This disease (and its vaccine) have gotten a lot of press lately and it’s an important conversation to have. The fact is it’s tough to vaccinate for this one. Contrary to common belief, even having the disease doesn’t confer lifelong immunity and the vaccine certainly does not. The older whole cell formulation of the vaccine did a better job, but also had more potential for side effects. We got rid of it, however, because of myths spread in the lay media by the antivaccine movement. More on that below, but first – the disease. Bordetella Pertussis is a bacteria that is spread through respiratory droplets (i.e. it’s airborne) and is highly contagious. It has a very long incubation period (the time between becoming infected and becoming symptomatic) that can range from 7 to 21 days. The initial symptoms are fairly mild and mimic a common cold. The disease then progresses to fits (called paroxysms) of violent coughing in older children and adults. Infants may not all have these coughing spells, sometimes they just become short of breath. Patients will cough to the point that they feel completely out of air and gasp for air, they may vomit or even break their own ribs. The cough is sometimes referred to as the hundred day cough because it can last over 3 months. While this is a bacterial illness, antibiotics really only decrease a patient’s contagiousness, they do not decrease the length of illness by very much. Infants with whooping cough can experience apnea (cessation of breathing) and have a higher incidence of secondary pneumonia. 75% of infants under 6 months with pertussis will be sick enough to be hospitalized.

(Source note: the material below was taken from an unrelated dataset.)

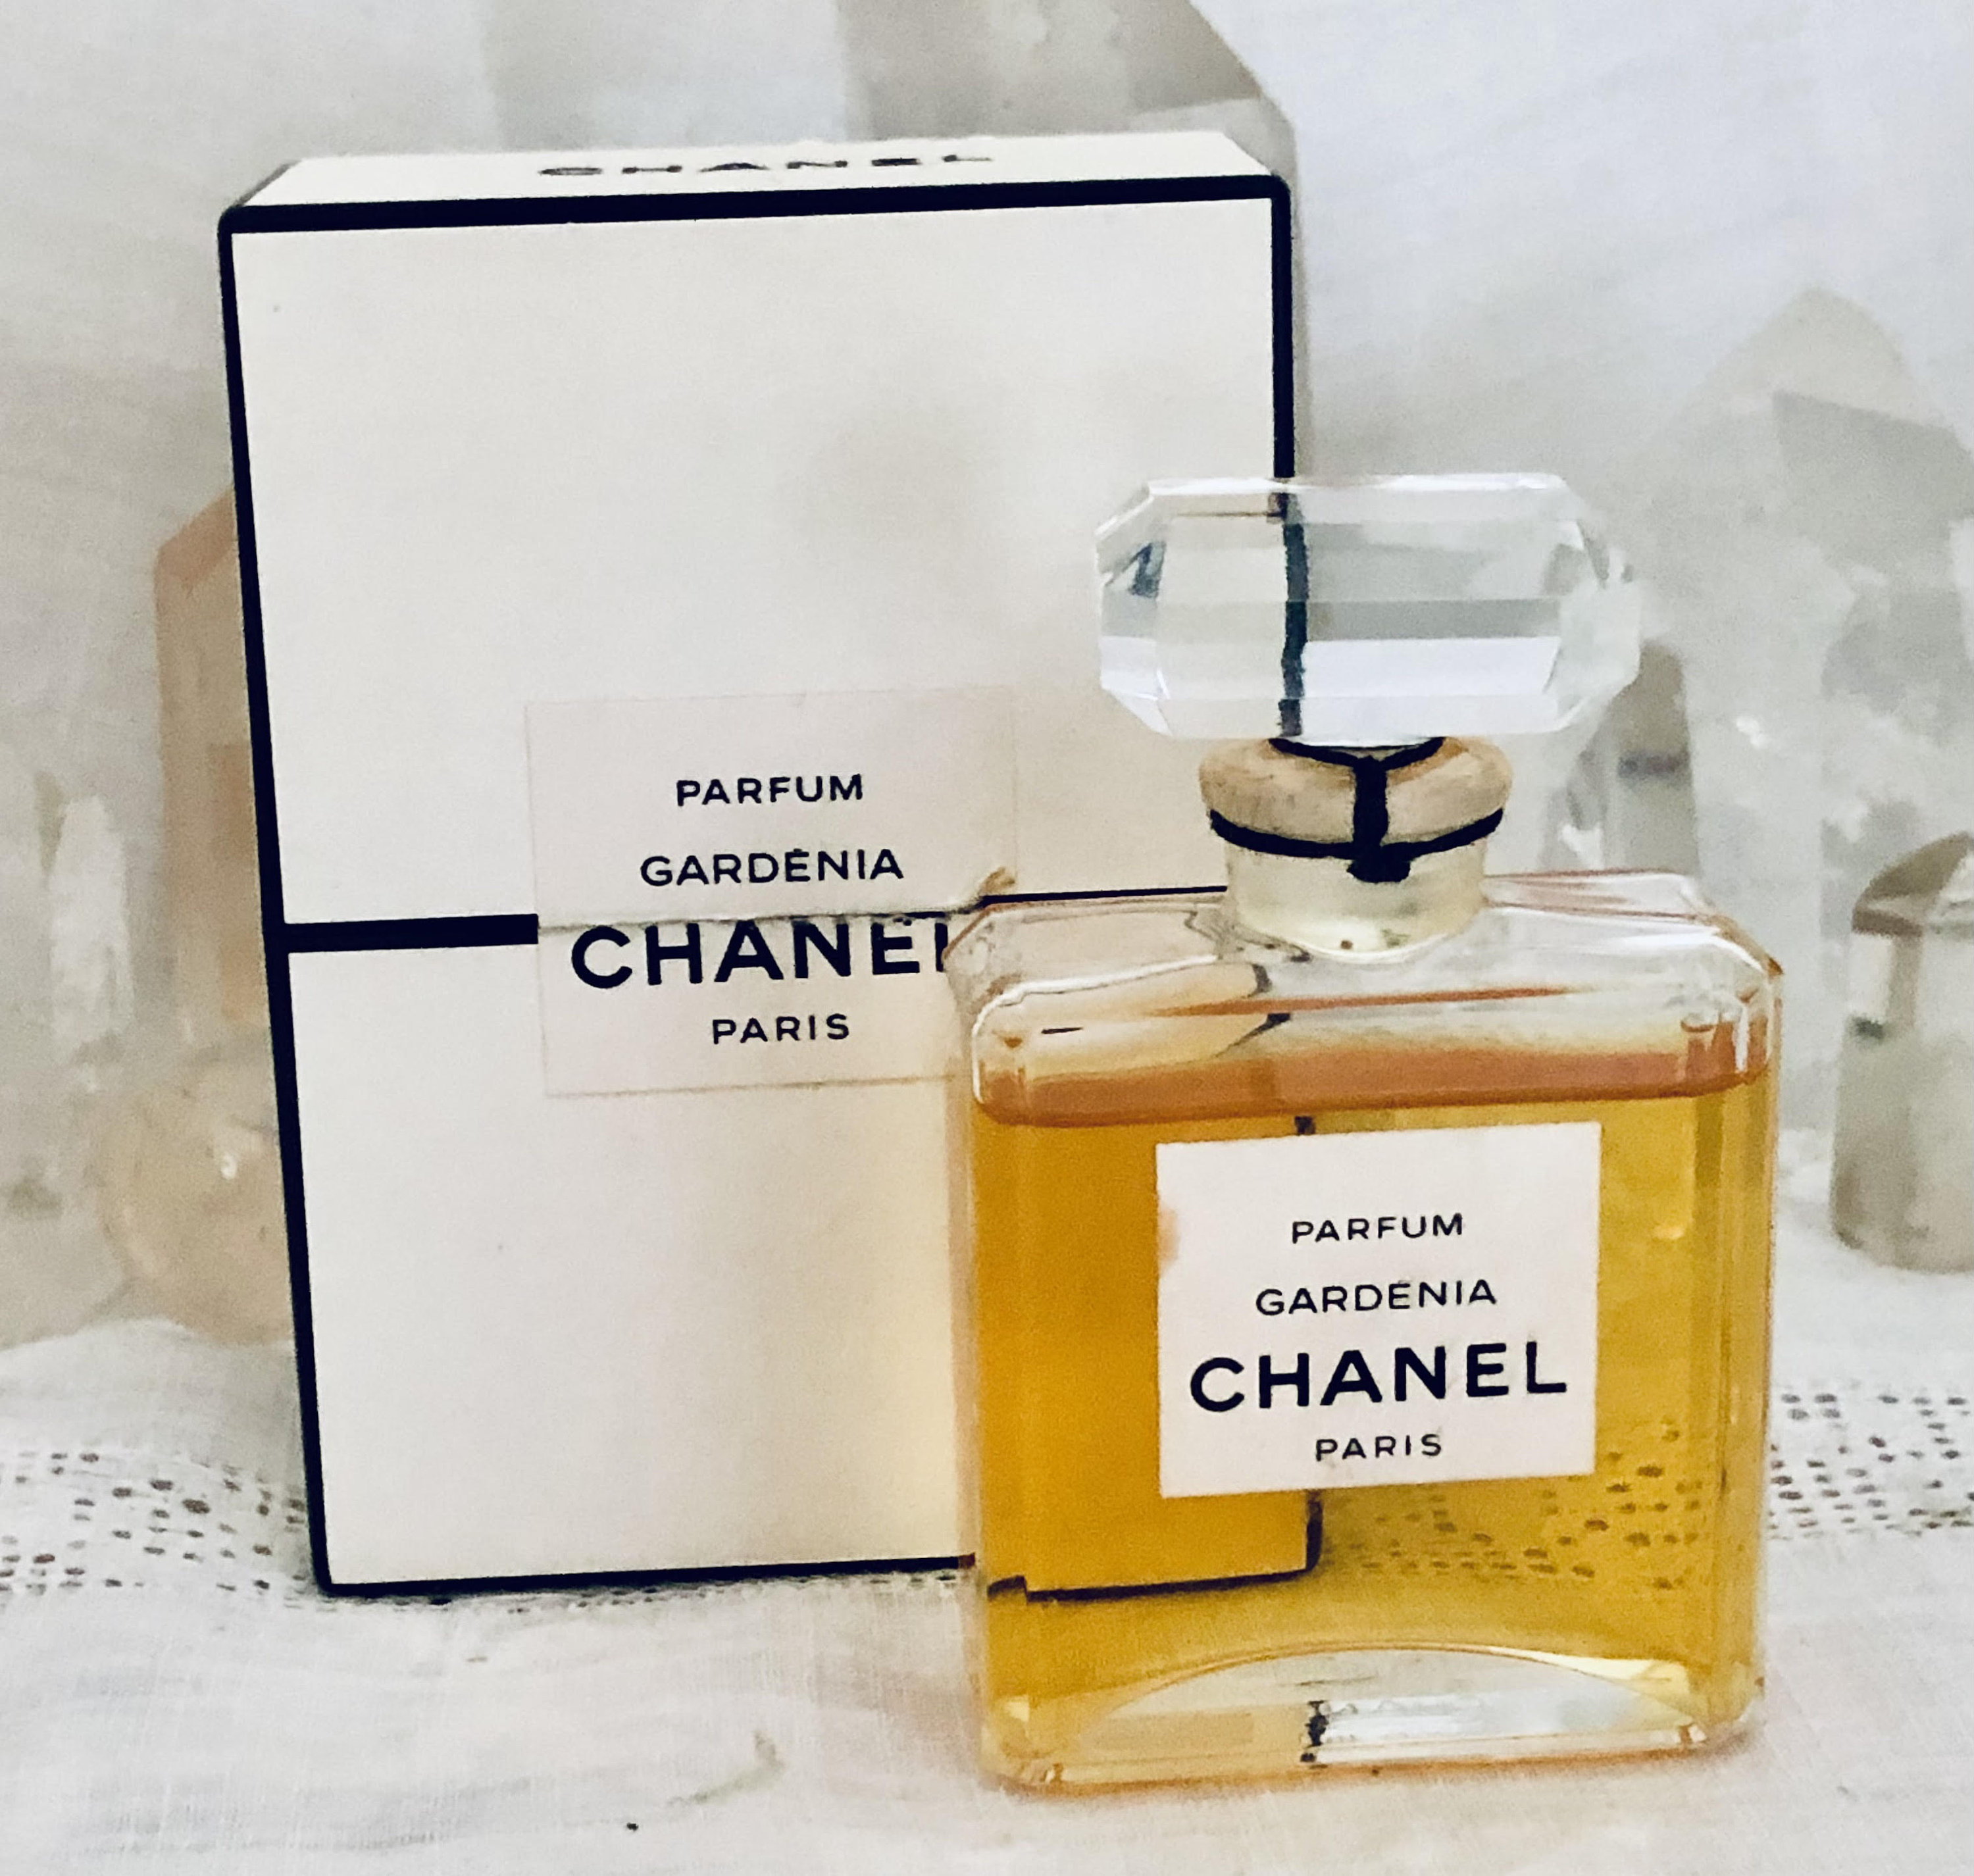 Chanel Gardénia Gardenia 30 Ml. or 1 Oz. Flacon Parfum -  Denmark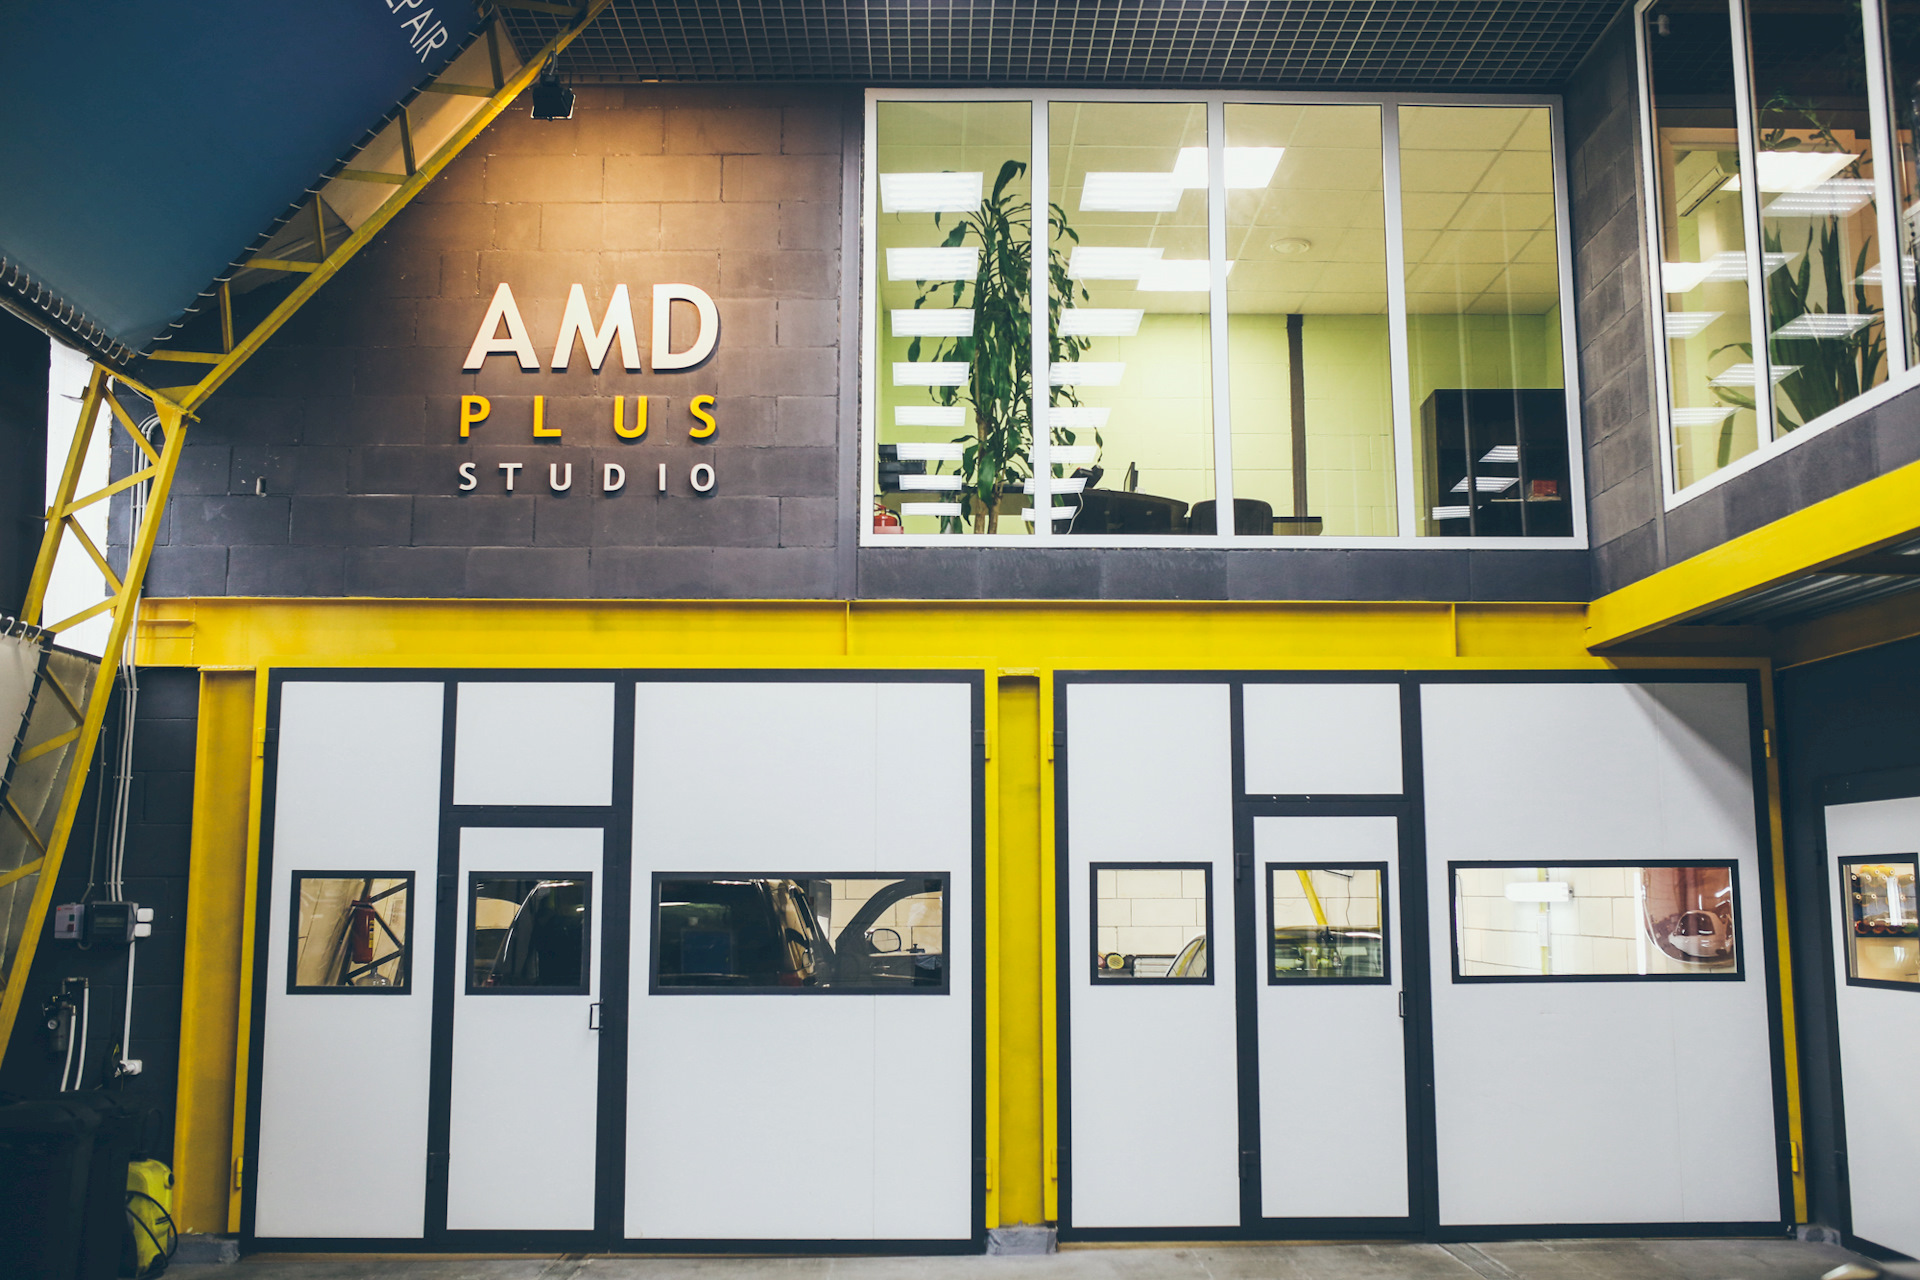 Amd service. AMD Plus Studio. АМД детейлинг Сыктывкар. АМД плюс. АМД покрытия.

Now, the vaccine. The first pertussis vaccine was developed by a scientist named Pearl Kendrick (that’s right girls, SHE’S A GIRL! Cool, huh?) in the 1930’s. Her vaccine was immediately put into use and by the 1960’s there were fewer than 10 cases of pertussis per 100,000 people in the US. That’s virtual eradication. Then, in the early 1980’s a TV special called Vaccine Roulette was aired on prime time. It raised fears about the vaccine, which later turned out to be unfounded, but it set in motion a chain of events that led manufacturers to stop making the vaccine altogether. This same chain of events did have some good outcomes. They were the impetus for creating the Vaccine Adverse Event Reporting Service and the Vaccine Injury Compensation Program, which I’ll touch on later because they deserve their own post. Please do read more about the details of this story. Also be aware that Barbara Fisher, whom you’ll read about here, is one of the cofounders of the National Vaccine Information Center. I point this out so that as you’re googling out there you know who’s writing the “information”.
These days, we use the acellular pertussis vaccine, which does have fewer side effects than the whole cell vaccine (it did have some significant side effects, just not epilepsy as its critics claimed). However, it doesn’t work as well. It’s very effective at protecting those who receive it, but it doesn’t always render them non-contagious. Some individuals who have been vaccinated may contract the disease but never develop symptoms, thus spreading it unknowingly. This is obviously problematic. This is not, however, a reason not to vaccinate. If you get your Tdap booster in the third trimester, your newly manufactured immunglobulins will cross the placenta and stay with your newborn for the first 6 months of life (and they’ll be getting their own vaccines at 2, 4, and 6 months). Vaccinating infants is still very effective at protecting those infants. Meanwhile, scientists are still hard at work trying to better understand the problems with the vaccine and make a better product. That’s how science works, after all. Oh, and no, this one doesn’t shed. I’ll do a post on shedding later.